Nightmares vs. Nightmare Disorder
Nightmare disorder involves more than just nightmares that occur every once in a while. Instead, it occurs when frequent nightmares interfere with sleep quality, the ability to fall asleep, or daily life. While occasional nightmares are common, only about 4% of people have nightmare disorder.
Only a health professional can formally diagnose nightmare disorder after carefully reviewing a person’s symptoms. Treating nightmare disorder can help take away the fear of falling asleep and make sleep more refreshing.
Nightmares are a central feature of PTSD, a condition involving ongoing symptoms associated with a traumatic event. It is estimated that as many as 80% of people with PTSD have nightmares. Many people with PTSD revisit the traumatic event in their dreams or have nightmares based on the feelings surrounding the event.
Although nightmares typically occur during REM sleep, people with PTSD may experience nightmares when they first fall asleep. As a result, nightmares often cause insomnia and impaired sleep for people who live with PTSD.
Children can also have PTSD with nightmares . Whereas adults tend to dream about the trauma itself, children with PTSD may have nightmares about seemingly unrelated events.
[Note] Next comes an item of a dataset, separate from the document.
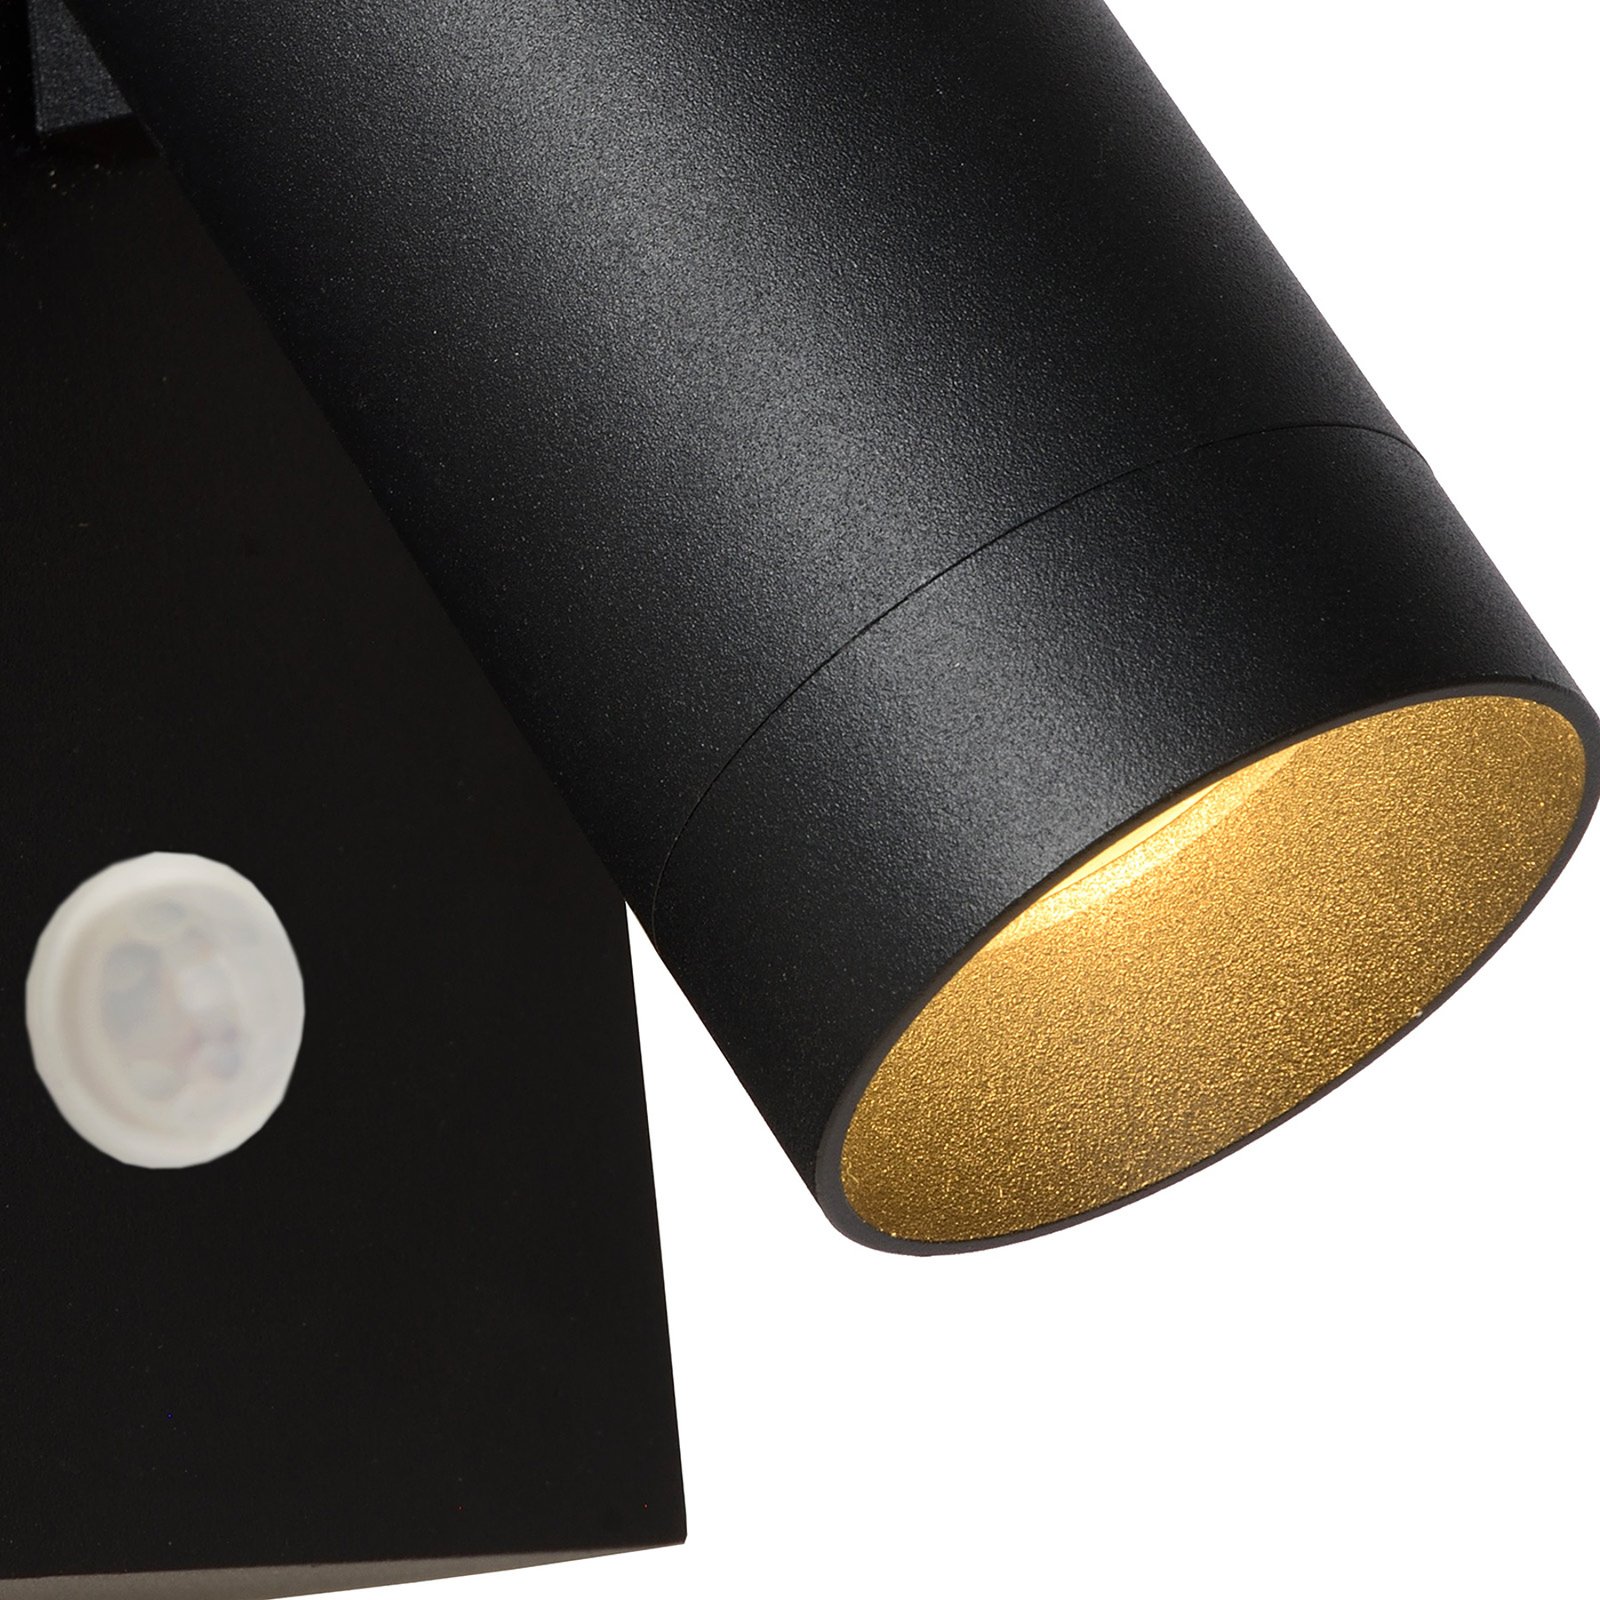 Outdoor wall spotlight Taylor Sensor, 1-bulb black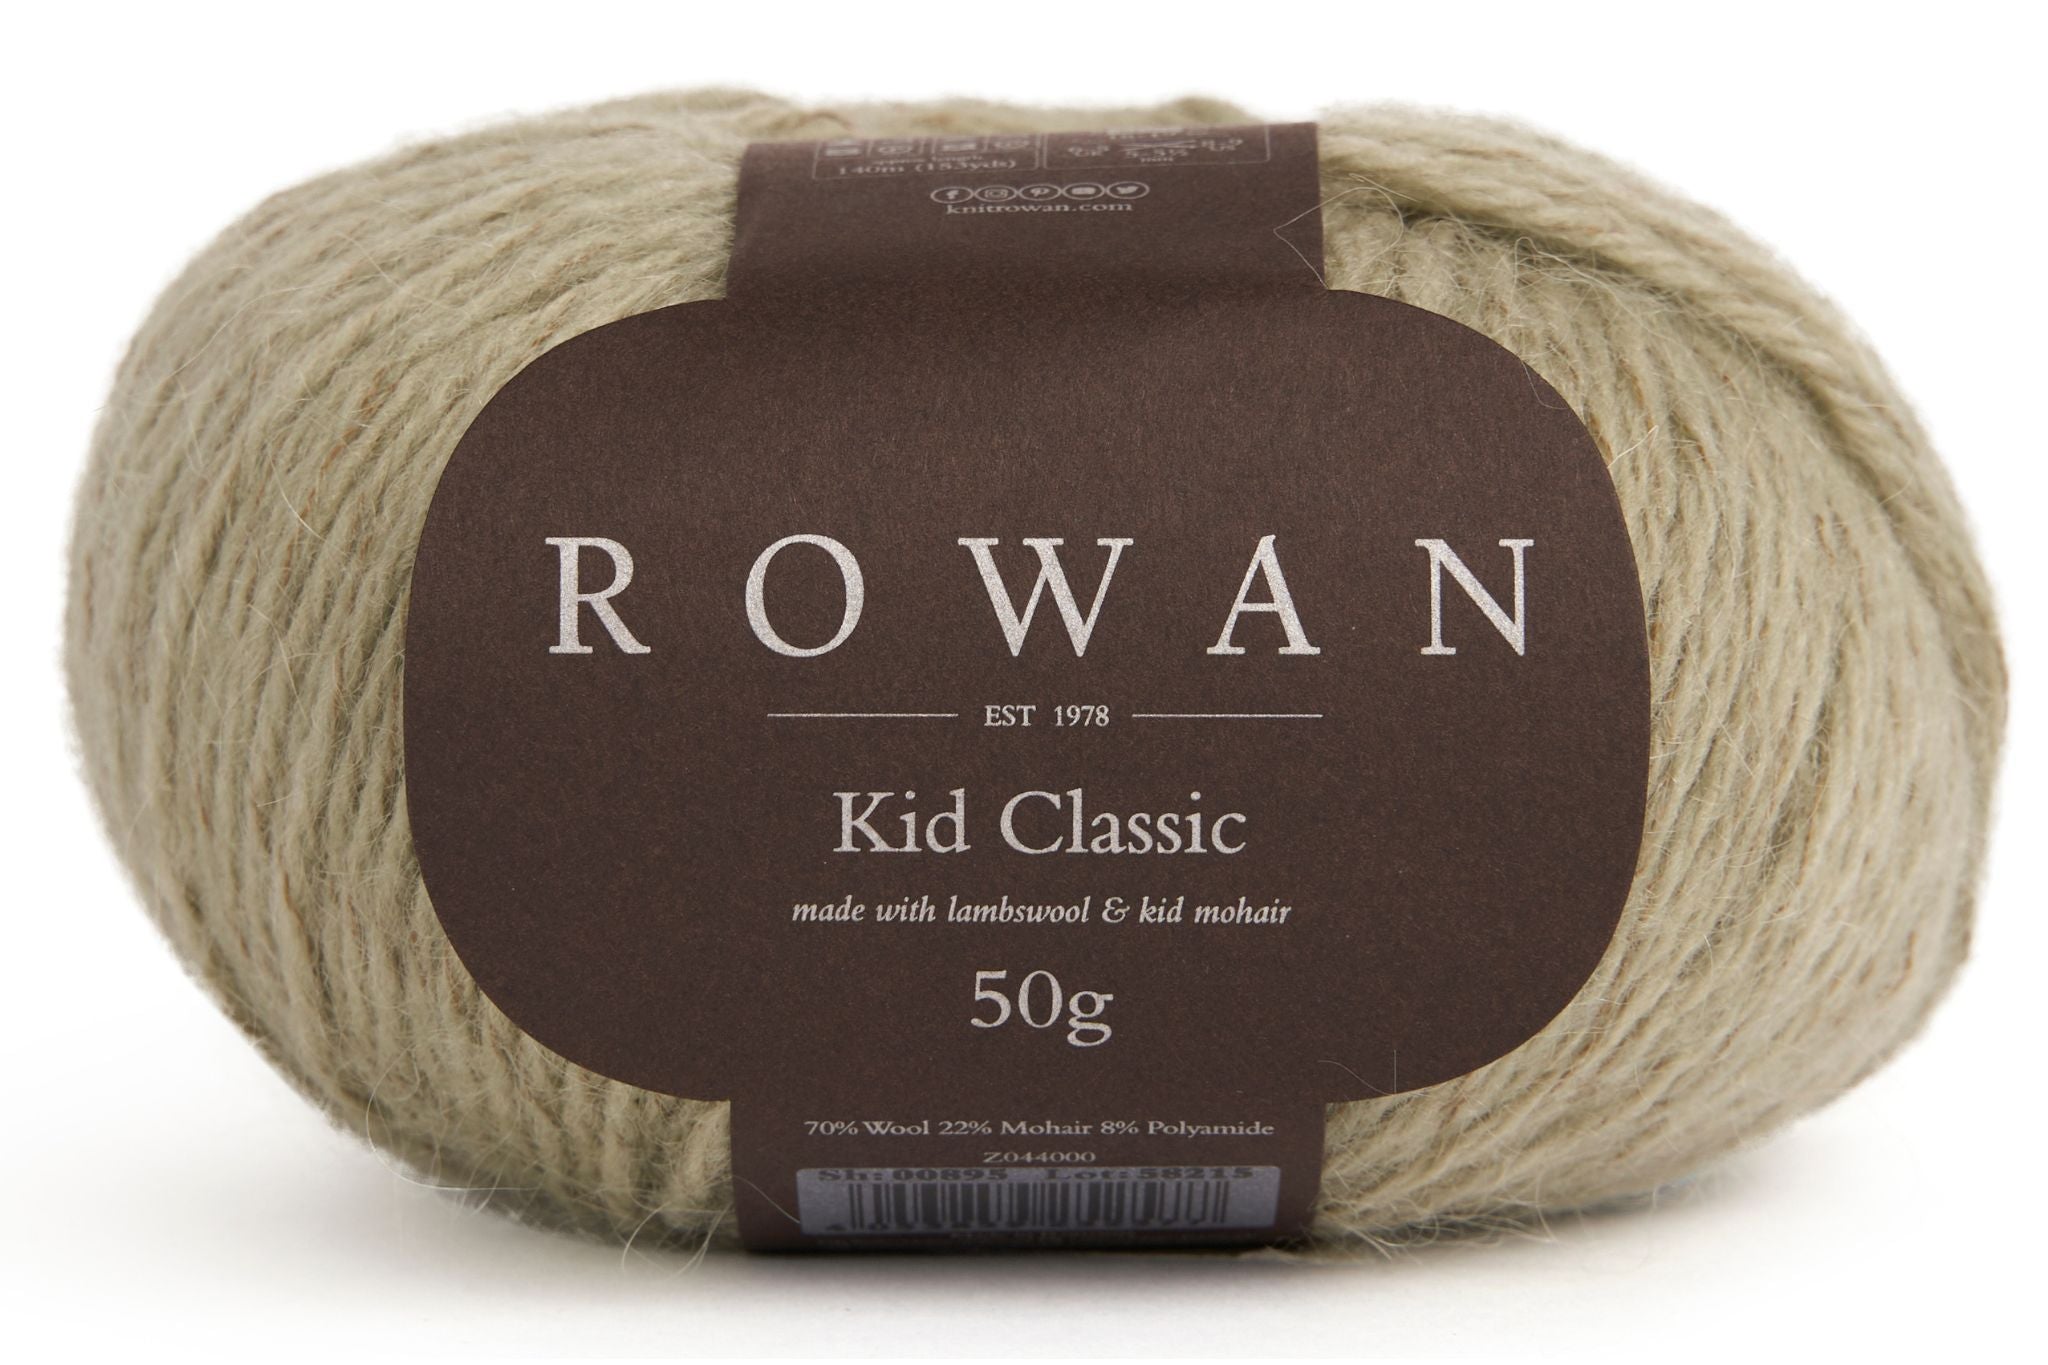 Rowan Kid Classic in Peppermint 918

Still, these ongoing nightmares can make it difficult for children to sleep if they wake up frightened or are scared to fall asleep.
Caregivers of children who have experienced traumatic events can take steps to help the child feel safer. Establishing a daily routine, communicating about the event in an age-appropriate way, limiting exposure to disturbing news broadcasts, and being present with the child may help them recover from the experience. If they are still having trouble coping, a mental health professional can provide additional strategies to help them work through their feelings.